Questions to consider when implementing a Balanced Scorecard
- Do we have sufficient buy-in from top management?
- Are we willing to engage in a more participatory strategy and performance management process?
- Are we committed to the organisational change effort necessary for successful implementation?
- To what extent will our current management information systems be able to support implementation? What are the costs and benefits of making these changes?
- What are we already doing that we can incorporate into our scorecard? What do we need to modify or stop doing?

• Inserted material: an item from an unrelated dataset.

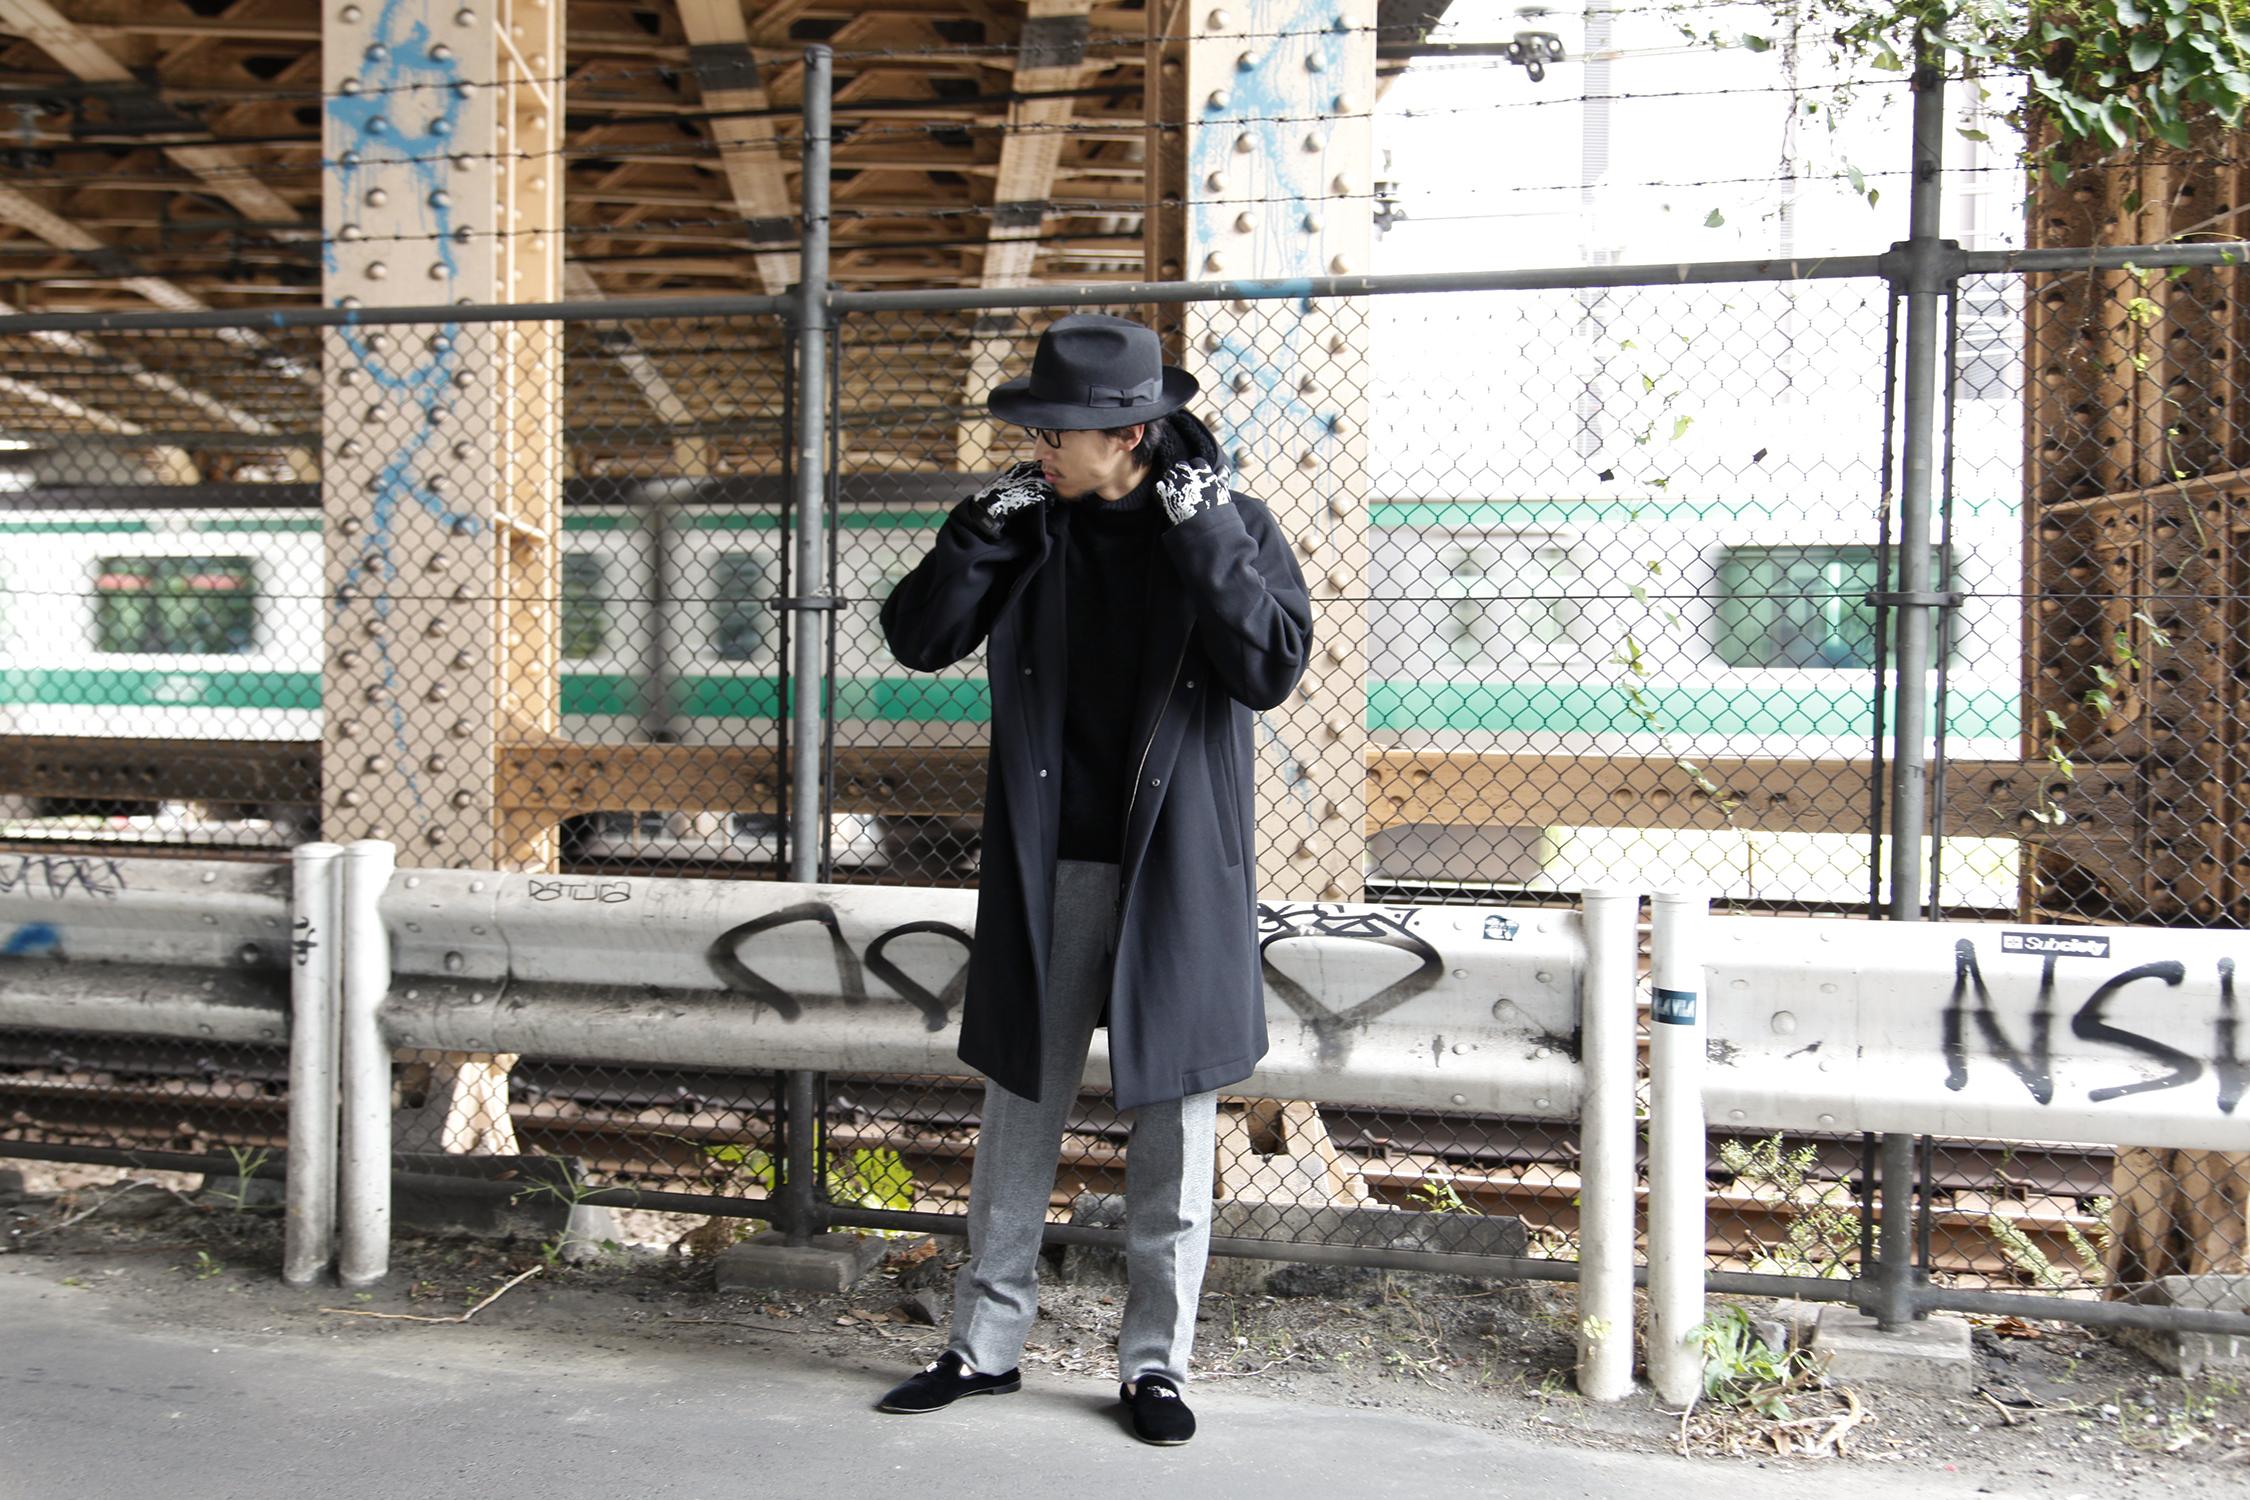 CK_Daichi Miura_9

- Are we prepared to focus our reporting around the scorecard
|Actions to take / Dos
||Actions to Avoid / Don'ts
- Involve a broad senior management team
- Engage everyone in the scorecard process
- Use the scorecard to set ambitious goals
- Use the scorecard to make strategy a continual process
- Start with objectives, follow with measures, then initiatives – for example, increase sales by x%, introduce y new products in next 12 months, launch new product development and marketing initiative
- Create measures that link to strategic success and long-term performance
- Use the scorecard to find the best KPIs
- Keep it to four to five KPIs for each perspective
- Create a mix of leading, lagging, input and output measures – customer satisfaction is a leading indicator of sales; the number and quality of customer calls handled are output measures of the customer service process
- Cascade the scorecard to business unit and functional teams
- Each business unit’s scorecard should be informed by corporate goals but not dictated by them
- Use the scorecard to drive action plans
- Link to compensation
- Use the scorecard to empower teams and make strategy everyone’s job
- Do not use the scorecard as another tool of command and control, or annual target setting process
- Don’t withdraw support for the scorecard at the first sign of missed financial targets
- Too many measures can spoil the scorecard – don’t go ‘KPI crazy’

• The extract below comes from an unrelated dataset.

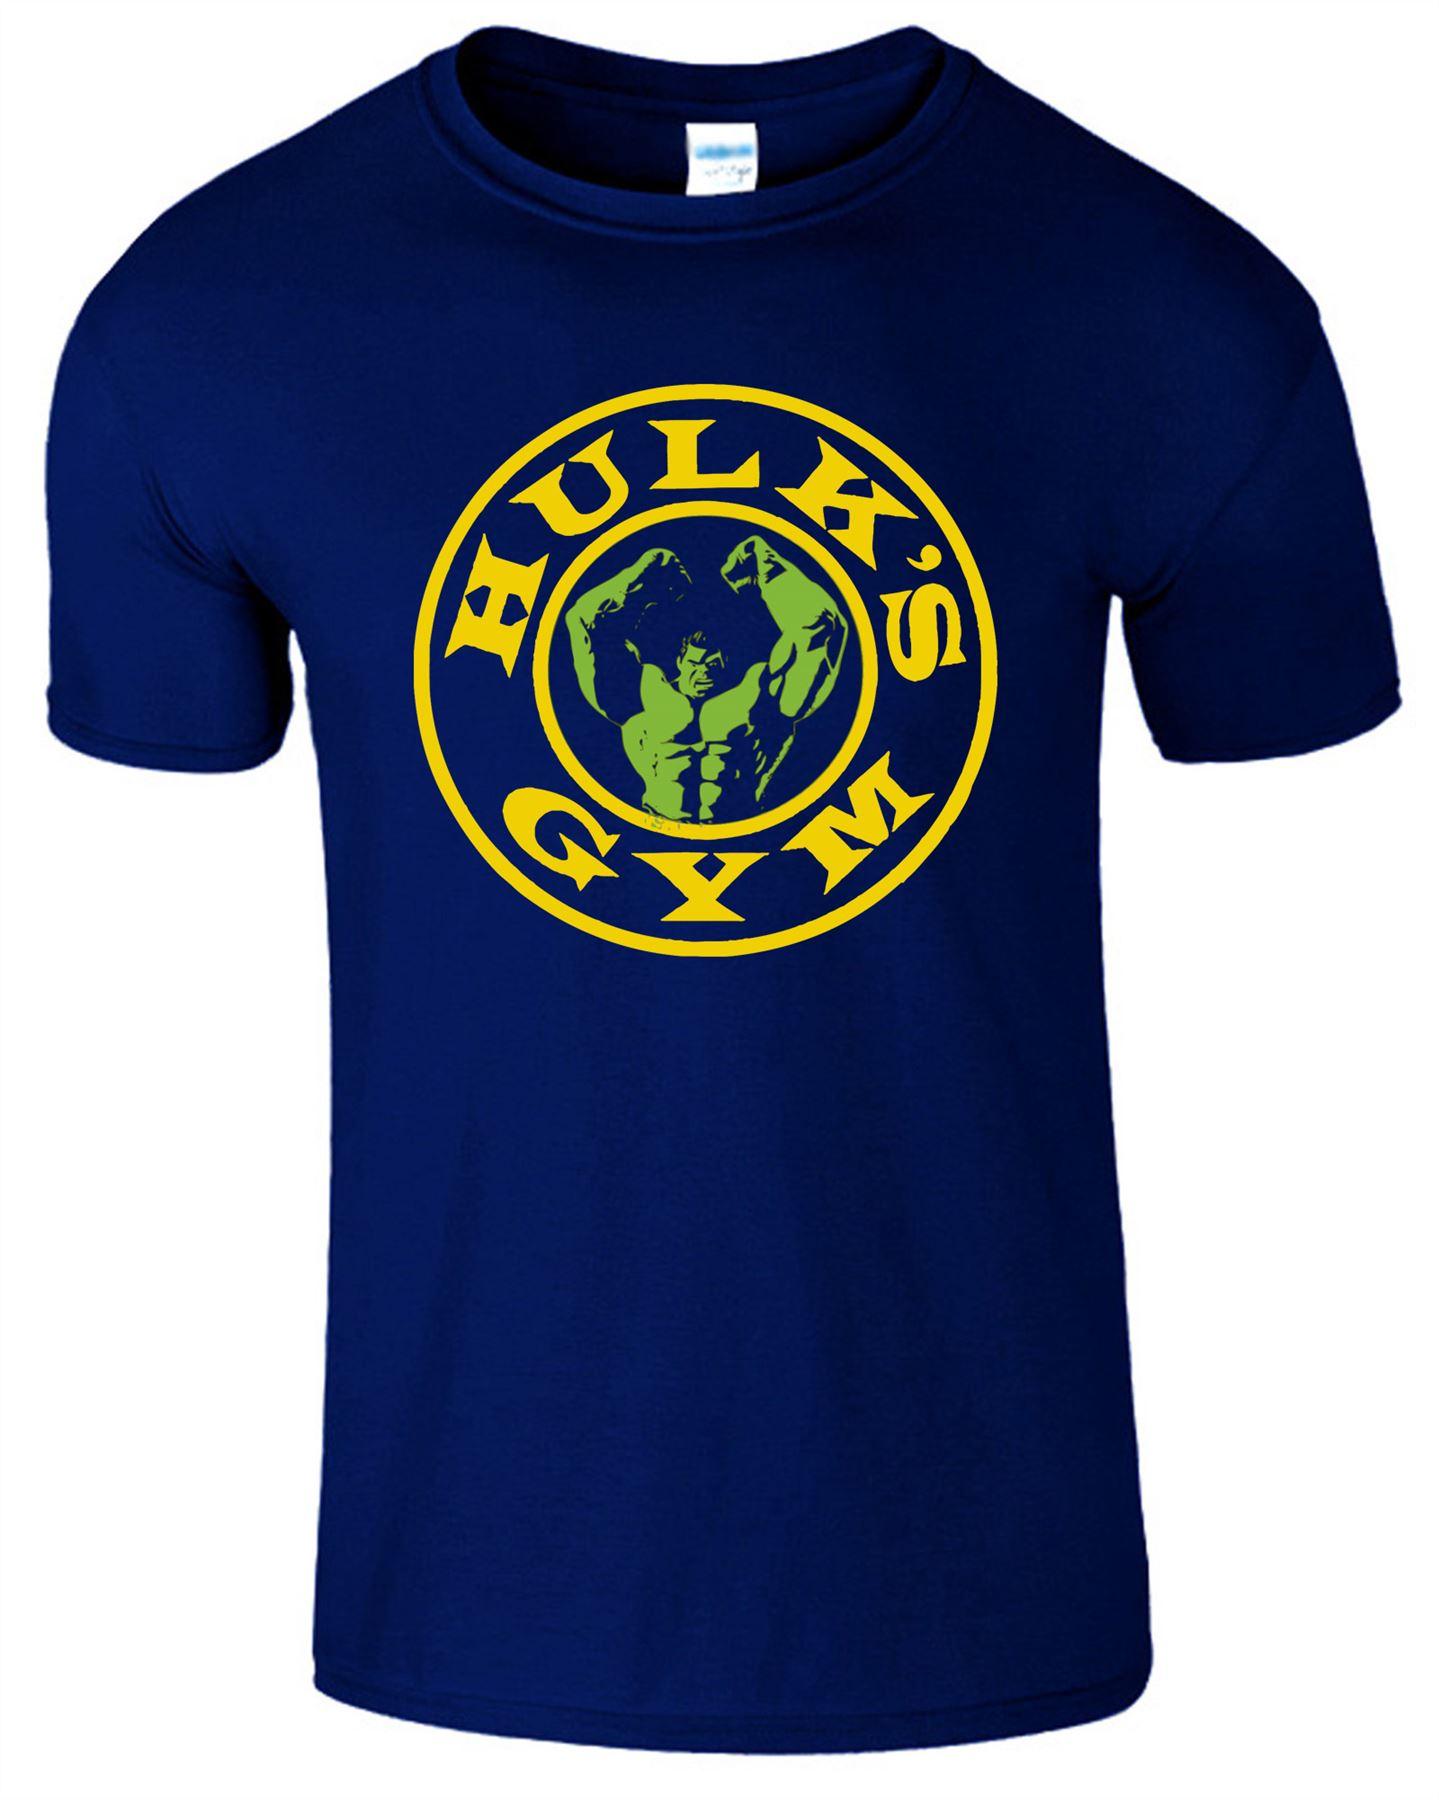 Hulk Gym Mens Style T Shirt Gym Training Cage Workout

- Failing to identify and validate causal links undermines the credibility of measures
- Failing to cascade the scorecard and create links to compensation undermines success
- Avoid attempting to create business unit or functional scorecards that can be aggregated upwards
The Balanced Scorecard
Implementation of the Balanced Scorecard and an alternative costing system at the Royal Botanic Garden Edinburgh
(CIMA case study, 2010)
Download full case study
The Royal Botanic Garden Edinburgh (RBGE) first adopted the Balanced Scorecard (BSC) in 2004. The Senior Management Group (SMG), which was responsible for strategy development, used the BSC to answer the ‘who, what, why, where, when’ questions prompted by the four perspectives as they related to the services that the RBGE provides to external stakeholders.
The original BSC created by the RBGE was employed as the basis of strategy and performance reviews. However, the prospect of a strategic review by an international peer group, along with an imperative to demonstrate alignment to the Scottish Government’s National Outcomes, prompted a deeper look at the organisation’s strategic objectives and underlying perspectives.

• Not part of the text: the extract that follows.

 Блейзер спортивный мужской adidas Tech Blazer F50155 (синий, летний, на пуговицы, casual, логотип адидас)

The ensuing revisions included improved alignment between the RBGE’s ‘impact’ perspective and its ‘activity’ perspective. This review also led to the development of an objective costing system linked to an existing performance management system that improved monitoring of performance against strategic objectives.
- The Balanced Scorecard can be adapted to suit an individual organisation.
- The effort and commitment required from senior management to transform strategic management processes should not be underestimated.
- Resistance to change may result as individuals become more accountable for their actions.
- Management accountants are well-placed in the organisation to become very involved in the development of the Balanced Scorecard and implementation process, thereby becoming an important strategic partner in the business.